2.3 Physical Countermeasures

Physical countermeasures almost make up an entirely distinct discipline in information security, but we can offer some high-level recommendations to consider when defending your own network.

When discussing the common technical countermeasure, we are often concerned with defending our network perimeter against a packet-based attack. That is, there are some "bad" packets outside our network that we want to make sure cannot get in. We typically use a firewall to stop these bad packets. Physical security commonly takes the same approach, but instead of dealing with packets, keeps out the "bad" people or other threats from our network.

The most common way of doing this is with locks, chains, guards, and cameras. These all fall into the category of perimeter control. Each one of these controls would be valuable in reducing any risk to our information that is related to someone gaining physical access to our resources. Like the technology we use in our network, these countermeasures will not guarantee the security of your facilities, but they will go a long way toward slowing down any intruder.

Beyond these common physical controls we can also apply physical controls to our network. This means functional areas of our network are separated from each other. The research and development network, for example, may be a physically separate network from our administrative and user networks. This may mean physically distinct on different hubs and switches with access controlled through a firewall, or an actual distinct network complete with its own DMZ and WAN links, each configured to reflect the particular security needs of the research and development network.

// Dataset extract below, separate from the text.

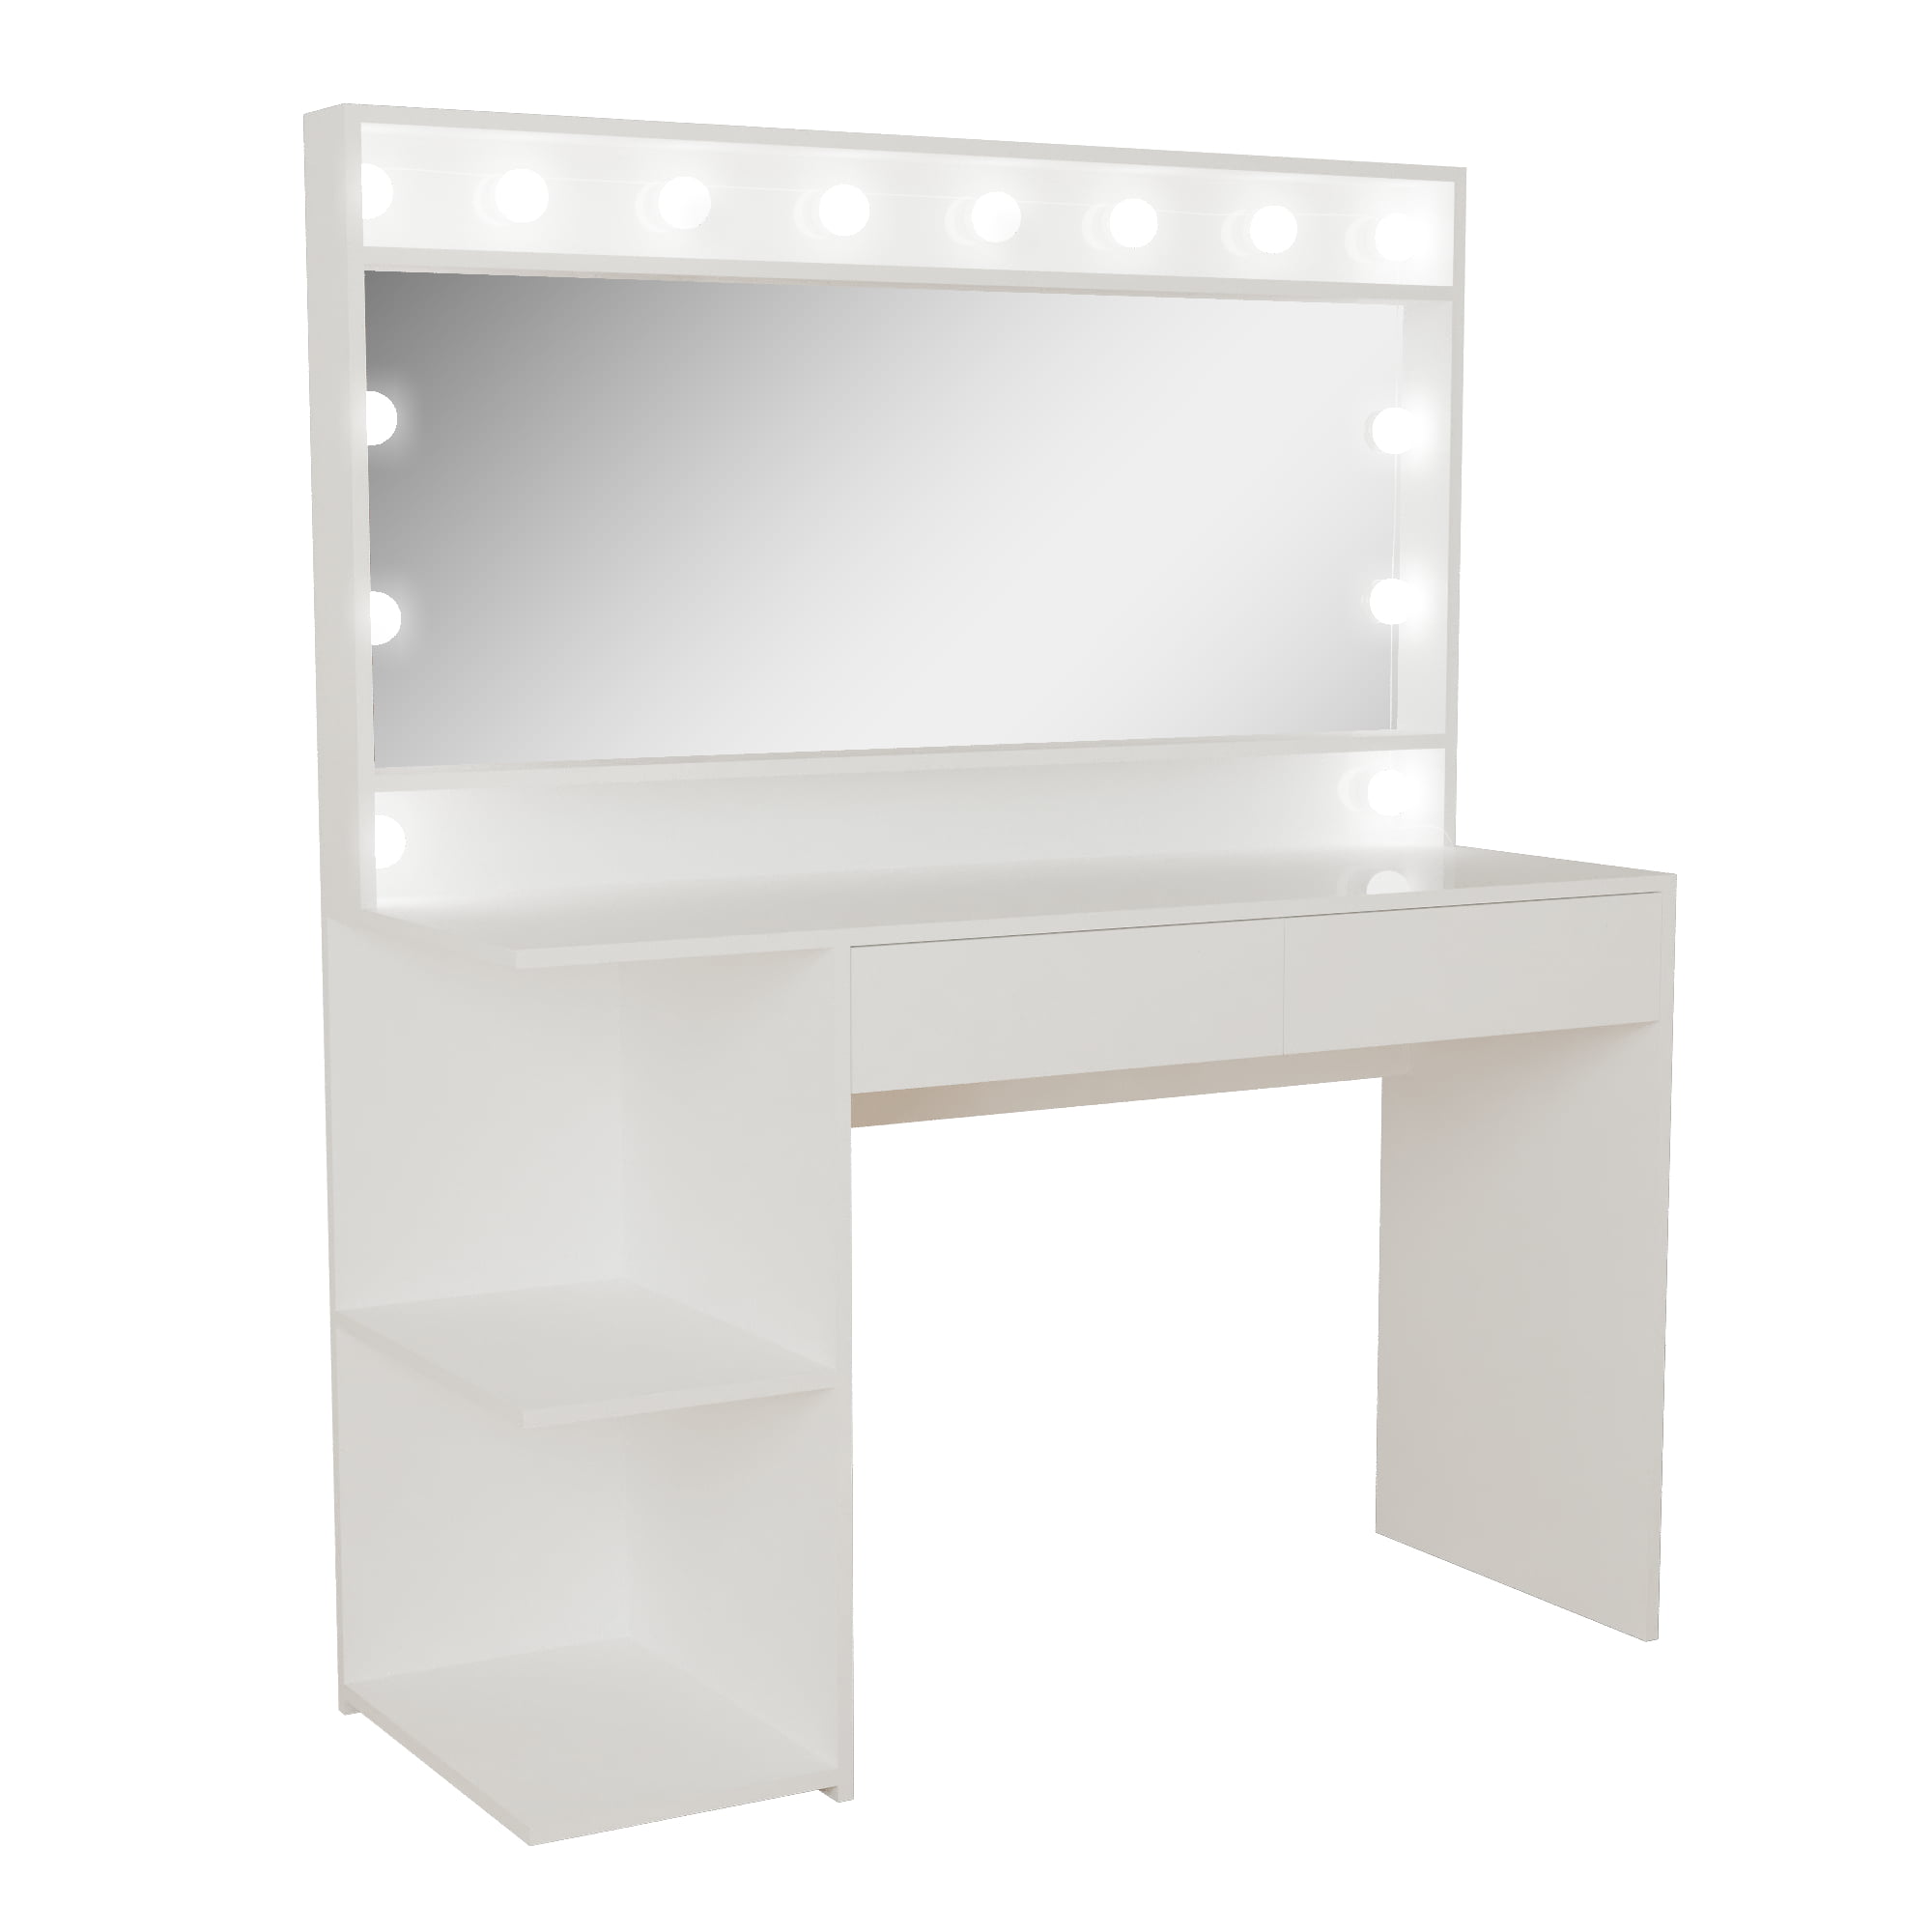 56" x 47" Ember Interiors Emery Modern Painted Vanity Table W/ LED Lights (White) $187 + Free Shipping

Data backups are also considered physical controls. To my chagrin, I will attest that I have seen customers keep their backups sitting on top of their server rack. This will help if the server crashes, but is of little use if a fire should strike. Data backups should be kept off-site, under lock and key, and in a fireproof location. Ensuring the physical integrity of the backups most certainly qualifies as a physical control.

The list of possible physical controls continues. Controlling the work environment so that only employees of a certain department have access to a particular work area would qualify, as would including controls on the user workstations themselves. A common control on the user workstations would be to remove the floppy disk drive and disable the USB ports to prevent users from easily attaching removable media to the devices. A great number of company secrets can slip out the door on a Zip drive securely tucked into a briefcase. Some companies even go so far as to search carryout articles such as duffle bags and briefcases.